I due mondi sono incompatibili e l’esito di questa differente prospettiva antropologica non può che essere quello a cui abbiamo assistito il 6 gennaio 2020. Schierare la Guardia Nazionale serve per riportare l’ordine ma ormai “il dado è tratto”. L’Ancien Regime è stato violato in modo irrimediabile perché è irrimediabilmente incompatibile con le oramai desuete tempistiche del vivere sociale (piaccia o non piaccia, la realtà è questa).

Quello che accade alle regole della politica è quanto accade alle regole della giustizia. Entrambi questi settori decisivi della democrazia debbono avere il coraggio di sapersi ristrutturare in conformità al linguaggio della contemporaneità che cambia. Sono istituzioni nate “in bianco e nero” ed oggi si trovano a dover fare i conti con una realtà pirotecnica.
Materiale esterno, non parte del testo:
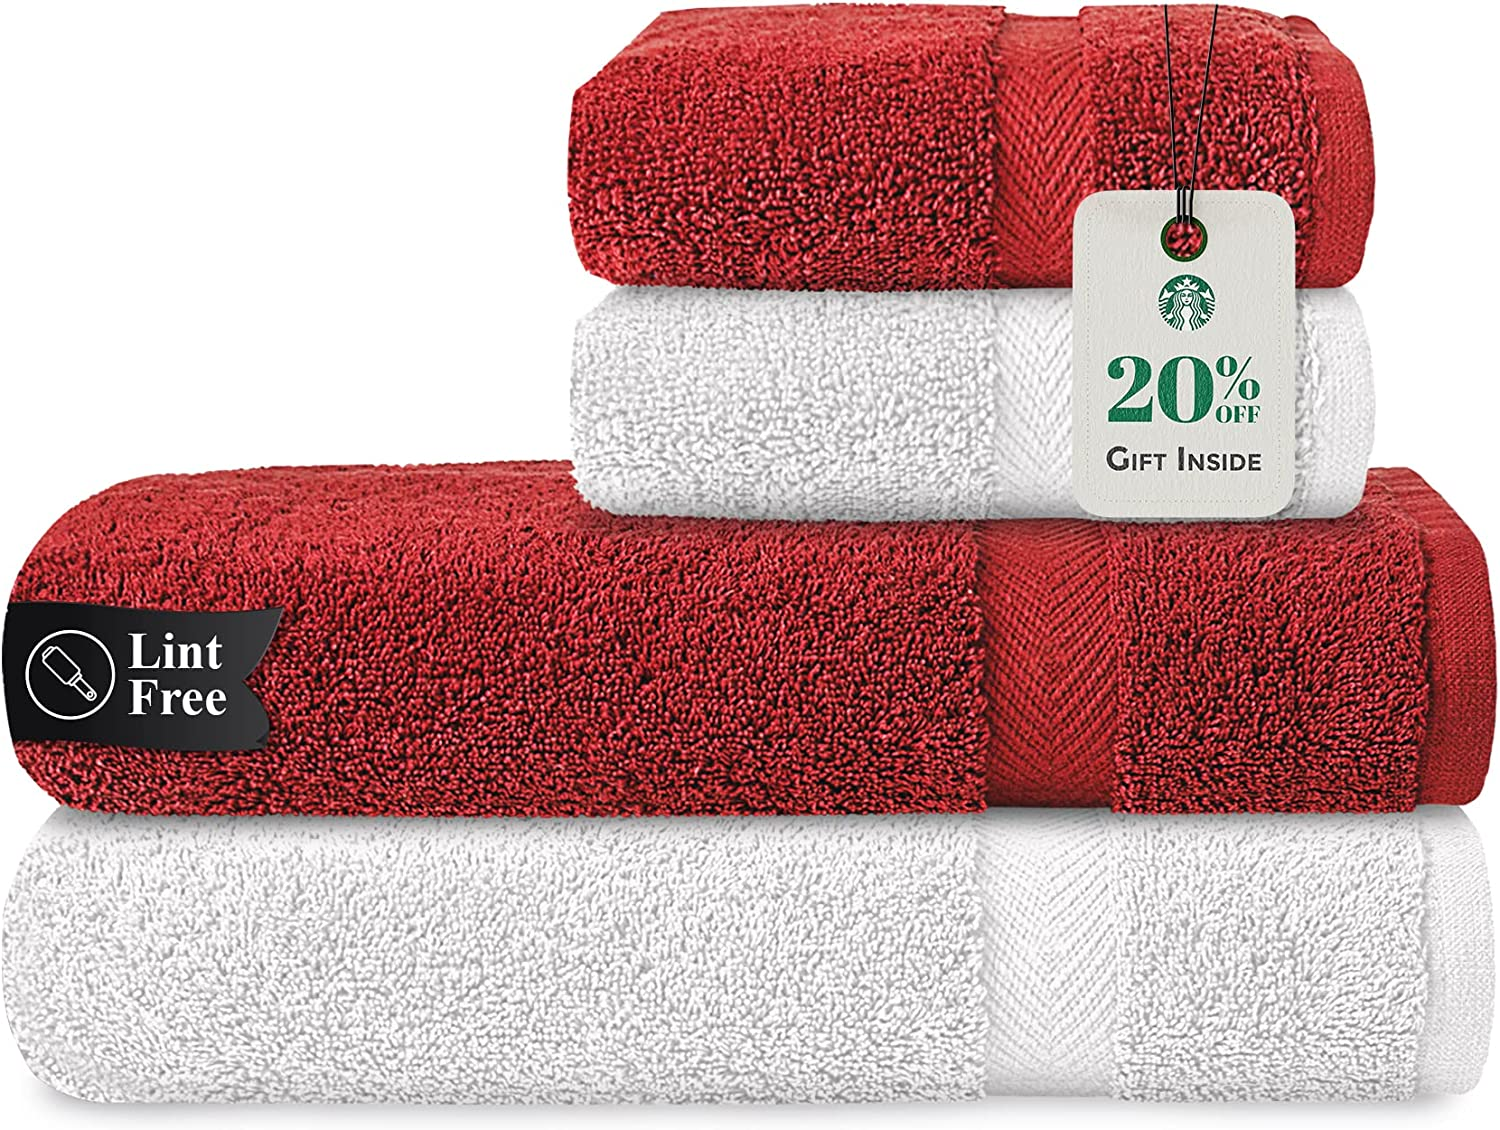 Stony Edge Towel Set, 2 Bath Towels & 2 Hand Towels, 100% Cotton, 600 GSM, Soft & Absorbent for Bathroom, Kitchen, Gym & Spa, White & Gray
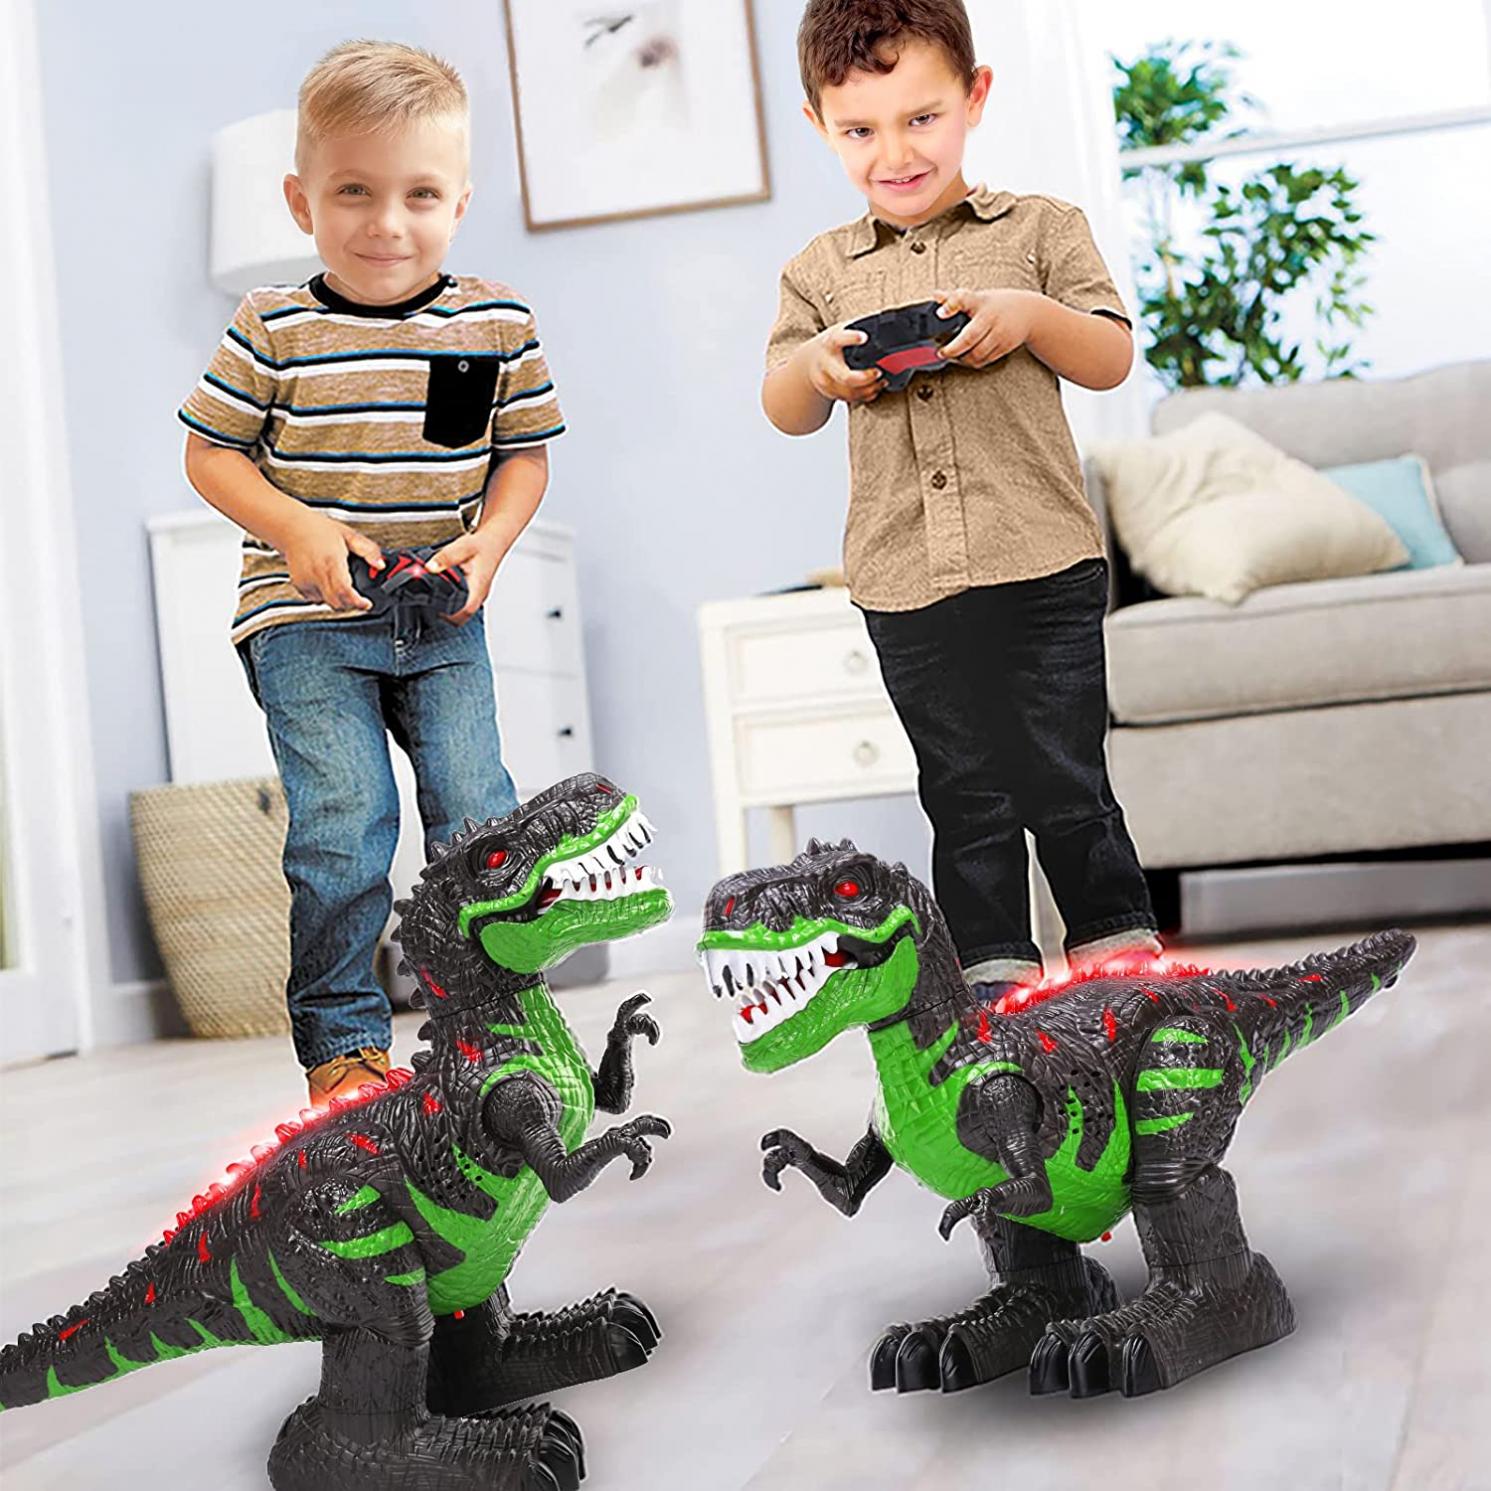 TEMI 8 Channels 2.4G Remote Control Dinosaur Toys for Kids 3 4 5 6 7 Years, Electric Stunt RC Walking T- Rex Toy with Lights and Sounds Powered by Rechargeable Battery, Gifts for Boys Girls

Ai tempi di John Lennon era rivoluzionario andare a suonare la chitarra davanti alla Casa Bianca con i simboli della pace e le treccine. Oggi, in un pomeriggio, è possibile mobilitare una nazione-continente per giocare a dare l’assalto al Campidoglio di Washington e ”dimostrare cosa si può fare e tornare a casa in pace”.

La sfida della democrazia è quella di saper comprendere come rendere compatibili queste velocità in contrasto. Da questo blog l’ho già detto tempo fa: il Movimento 5 Stelle ha compreso, primo al mondo, la decisività di istituzionalizzare questo linguaggio sociale. Non è sufficiente che i politici cinguettino qua e là per poi chiedere di rispettare le istituzioni. Maria Antonietta docet. La chiave è riuscire a rendere compatibile la forma sacra della democrazia con il linguaggio consolidato del sociale. Non è un bilanciamento facile e gli Usa e l’Europa sono in ritardo. Lo dimostrano i fatti di ieri e la reazione univoca contro il Presidente dai capelli arancio.

La scommessa degli Stati Uniti e di tutto l’Occidente è quella di dimostrare che Vladimir Putin si è sbagliato nel dire che “la democrazia è oramai finita”. Il 2021 tra pandemia e assalitori con le corna vichinghe al Parlamento di Washington sembra volerci dire una cosa sola: il Novecento è veramente finito e in un attimo rischiamo di trovarci in una terra assai lontana da quella in cui nei Palazzi si faceva politica (anche sporca) e sulle piazze si cantava Imagine (mantenendo però una comunanza di antropologia linguistica).